Mississippi lawmakers seem ready to put their money where their potholes are.
Two bills, one of which has passed the state Senate already, could mean over $1 billion in infrastructure investment over the next five years.
House bill 722, which could divert millions in use tax dollars to municipalities, passed the Senate on February 7.
As of February 16, the measure had been passed to the Senate Finance committee and is scheduled to go into effect on July 1.
This proposed legislation will dedicate a new annual income stream to cities and counties for road and bridge maintenance plus an additional portion for use by the Mississippi Developmental Authority to provide grants to local government.

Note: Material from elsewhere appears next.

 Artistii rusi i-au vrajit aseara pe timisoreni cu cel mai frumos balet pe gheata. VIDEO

With the enactment of this bill, also known as the “Improve Mississippi Act of 2018,” the Department of Revenue will now allocate and distribute 15 percent of the total amount of use tax revenue collected during the preceding fiscal year to municipalities in the state.

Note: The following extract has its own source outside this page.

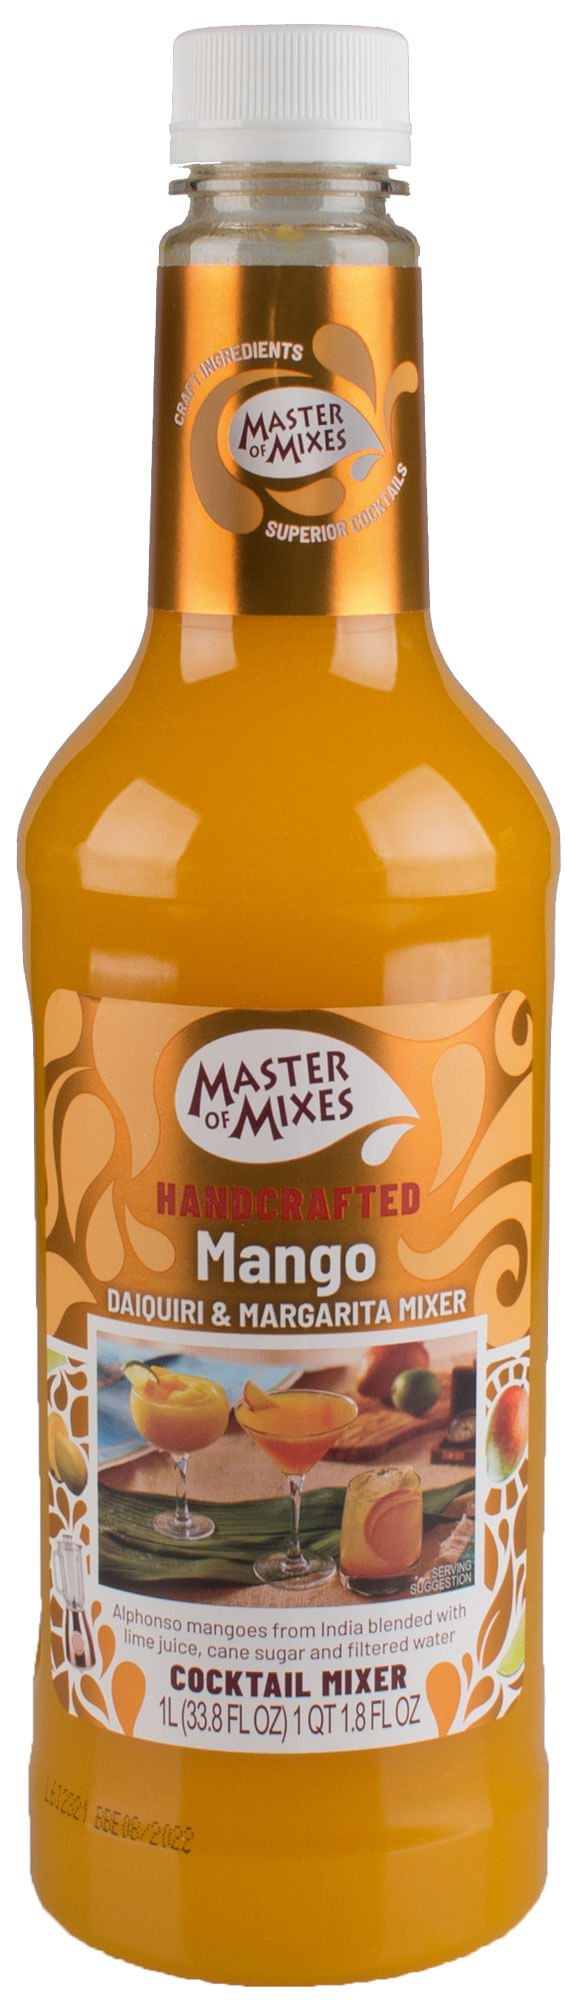 Mango Margarita Mix, Masters of Mixes - 1l

The funds will be distributed in proportion with their current sales tax diversion.
To seemingly further assist in the state’s attempt to tackle its infrastructure needs, Lt. Governor Tate Reeves, on Monday, introduced the BRIDGE Act.
BRIDGE is an acronym for 'Building Roads, Improving Development, Growing the Economy, which is what Reeves said the Act will do in addition to providing for a more prosperous future for the state.
Reeves said the proposal could provide over $1 billion in “new money’ to invest in Mississippi infrastructure over the next five years.
According to Reeves, the BRIDGE Act will not create any new taxes for the citizens of the state, because funds will be generated through a combination of grants, long-term debt and the revenue to cities, counties and state agencies for infrastructure projects.Currently Mississippi municipalities do not receive a portion of “use tax” collected by the state, but House bill 722 will remedy that drawback, Indianola Mayor Steve Rosenthal said.
“This past year, collections of voluntary use tax collections exceeded $46 million,” he said. “Bill 722 is to put something in place to make cities whole from the loss of sales tax revenue to internet sales.”
The revenue department will have to make the distributions on or before Jan. 31, 2019, and each succeeding Jan. 31 afterwards.
The funds dispersed to a municipality are to be used solely for paying costs associated with repair, maintenance and or reconstruction of roads, streets and bridges in those cities.
“This large increase in use tax is due to lost sales our brick and mortar stores most likely would have made,” Rosenthal said.
Rosenthal said that the issue is not about collecting use tax or sales tax but how it is appropriated.
“One thing else that is strange is that if you order something online to be picked up at the store, like Walmart or Lowes, the collected 7 percent sales tax is considered use tax since it was ordered via the Internet. So, we are also losing revenue in that way as well,” he said.
“We are asking for the same percentage of use tax that is currently received by all municipalities, which is 14.621 percent, to be divided among all municipalities,” Rosenthal said.
He said Indianola would have received an estimated $155,000 in additional revenue had this bill been in place for 2017.
“Think how much road repair we could do with this amount annually,” Rosenthal added.
When the bill passed the House back on Jan. 11, Speaker Gunn wrote in a press release that House Bill 722 would create a new diversion of state use-tax collections, directing funds back to the cities and the counties to be used for road and bridge maintenance and that the move was a redirection of existing dollars.
“This is one of the best things we’ve done for local government,” said Gunn. “Our efforts will put money back in the hands of the local people. This increases the diversions back to cities and counties, which is something our mayors and supervisors have been requesting for years.”
The release further said that use-tax is gathered from sales tax collected on any out-of-state purchases, including those made online. And that approximately $310 million was collected last year. It said that an estimated $108 million could be diverted based on current collections.
That’s 35 percent to be used toward road and bridge repair with 15 percent, or approximately $46.5 million, dispersed to the cities, proportioned on their current sales tax diversion, another 15 percent to the counties, dispersed according to their current state aid road formula and the remaining 5 percent to fund an annual grant program administered through MDA where cities and counties can request up to $1.5 million additional funding per road and bridge project.